Run AbinitioRelax (rosetta 3.3) on cluster

18 replies [Last post]
grisha
Offline
Joined: 2011-12-11
Category: 
Structure prediction

Hi everyone!!!

I am a new Rosetta user.
I compilated MPI on Rosetta ....
Now I dont know what paramets used to run AbinitioRelax on cluster ( 24 cores)....

Thanks for your help.

Grigor

rmoretti
Offline
Joined: 2011-02-28

Have you taken a look at the manual? (http://www.rosettacommons.org/manuals/archive/rosetta3.3_user_guide/ ) Specifically the abinitio modeling section (http://www.rosettacommons.org/manuals/archive/rosetta3.3_user_guide/app_abinitio.html). Like for most academic programs, documentation for Rosetta can be threadbare/obscure in portions (though we're trying to get better), but basic usage should be covered. Feel free to ask if anything's not clear or you have additional questions.
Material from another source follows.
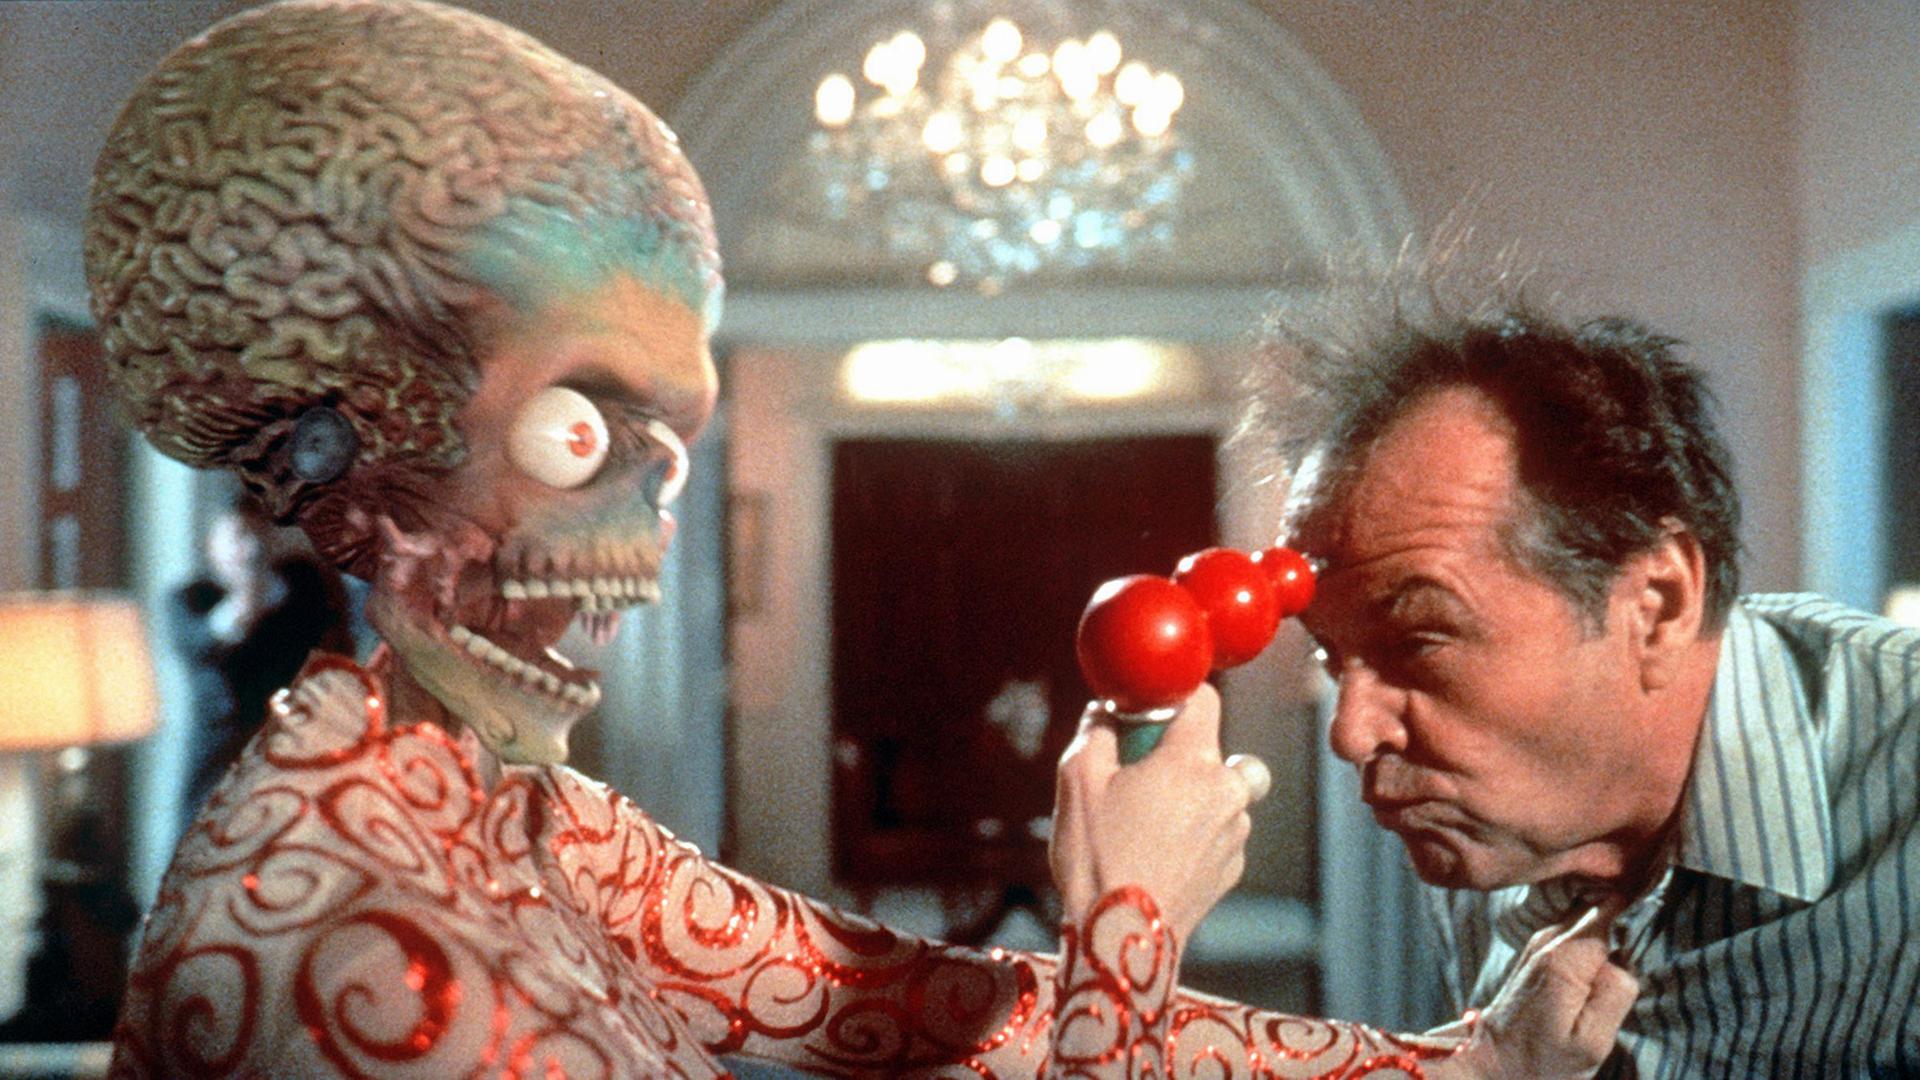 Der amerikanische Präsident James Dale (Jack Nicholson) wird in "Mars Attacks!" von einem Außerirdischen einer recht rüden Behandlung unterzogen (Szenenfoto).

Regarding using MPI, a lot of that is going to depend on how your cluster is set up. I'd recommend consulting your local sysadmin/cluster guru for general help on running MPI programs.

smlewis
Offline
Joined: 2010-08-03

Abinitio still doesn't work under MPI. Ugh. Please read one of the fifteen other threads on the subject that explain the pros and cons (namely that there's no speed benefit to MPI). After reading that, if you want the abinitio mpi patch, let me know here and I'll send it along.

grisha
Offline
Joined: 2011-12-11

Hi
Thank you for your answers!
As I said, I'm new in Rosetta ... I'm trying to run AbinitioRelax on all cores to save time.
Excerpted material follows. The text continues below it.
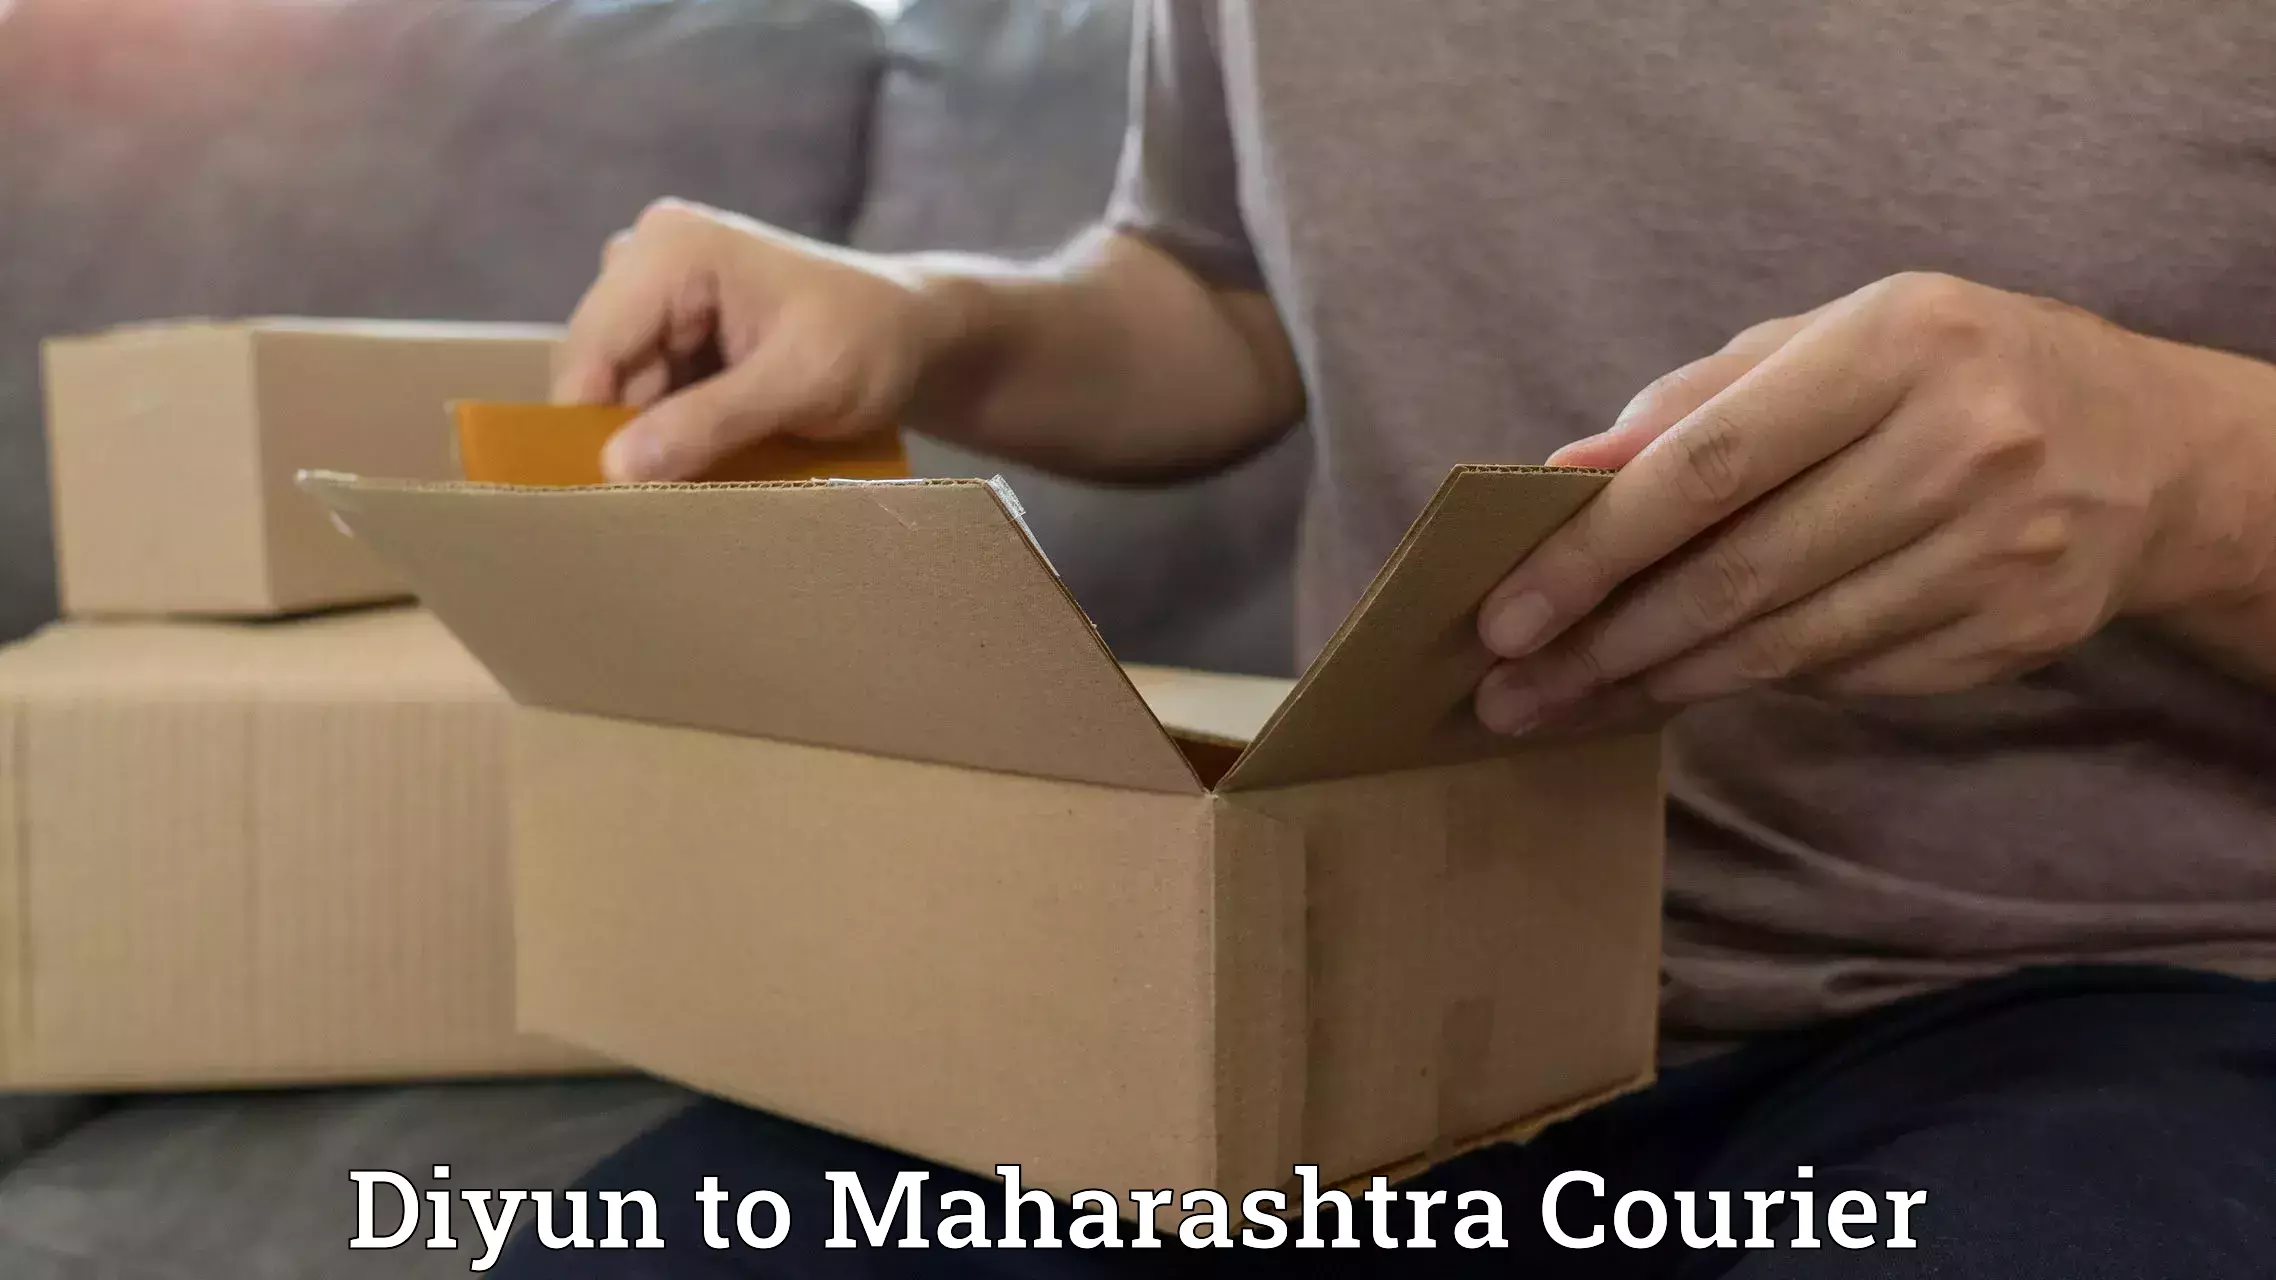 Cost-effective courier options Diyun to Mumbai Port

Smlewis can you please send me the patch and tell me how I can do the run with that?

grisha
Offline
Joined: 2011-12-11

And another questions:
1)Other applications also do not support MPI?
2)What value should have the -nstruct option to obtain the best structure ?

smlewis
Offline
Joined: 2010-08-03

1) Some do, some don't. The oldest ones that existed in Rosetta++ have spotty MPI support; newer ones for Rosetta3 generally have MPI support. Abinitio is the big one that doesn't. Loop modeling does, I think, but it works differently than the rest. Docking used to not have it but does now. Fixbb does.

2) Well, infinity, I guess. It depends on what you are doing. You should probably be aiming in terms of 10,000 to 1,000,000 structures generated depending on the scope of your problem.

grisha
Offline
Joined: 2011-12-11

Thank you very much smlewis for your helpful advice and for patch!!!
I compiled it !
Another question:
1)If I use the AbInitio_MPI.linuxgccrelease my task will be performed on all cores of cluster ? (24 cores )
2)To perform the de nova simulations AbInitio_MPI.linuxgccrelease must use the same commands and flags files as for AbinitioRelax.linuxgccrelease or they differ ?
If they are different please tell me what they should be for AbInitio_MPI.linuxgccrelease .

Thank you !

Grigor

smlewis
Offline
Joined: 2010-08-03

The MPI patch allows it to communicate via MPI. You'd use it with MPI the way you'd use any other MPI program, with mpirun and whatever flags (to mpirun) your implementation takes. I'd guess -np24 for 24 processors, so something like "mpirun -np24 [mpi flags] AbInitio_MPI.linuxgccrelease [rosetta flags]. (Also consider "-mpi_tracer_to_file proc" as a Rosetta flag to separate the log files by processor instead of piling them all together).

It should use the same flags as AbinitioRelax to my knowledge. The patch was never intended for public use so it's not documented by itself. Eventually I'll convince someone to either fix or replace the AbinitioRelax executable with one that works for MPI.

grisha
Offline
Joined: 2011-12-11

Hi!
Smlewis thank you very much for your help!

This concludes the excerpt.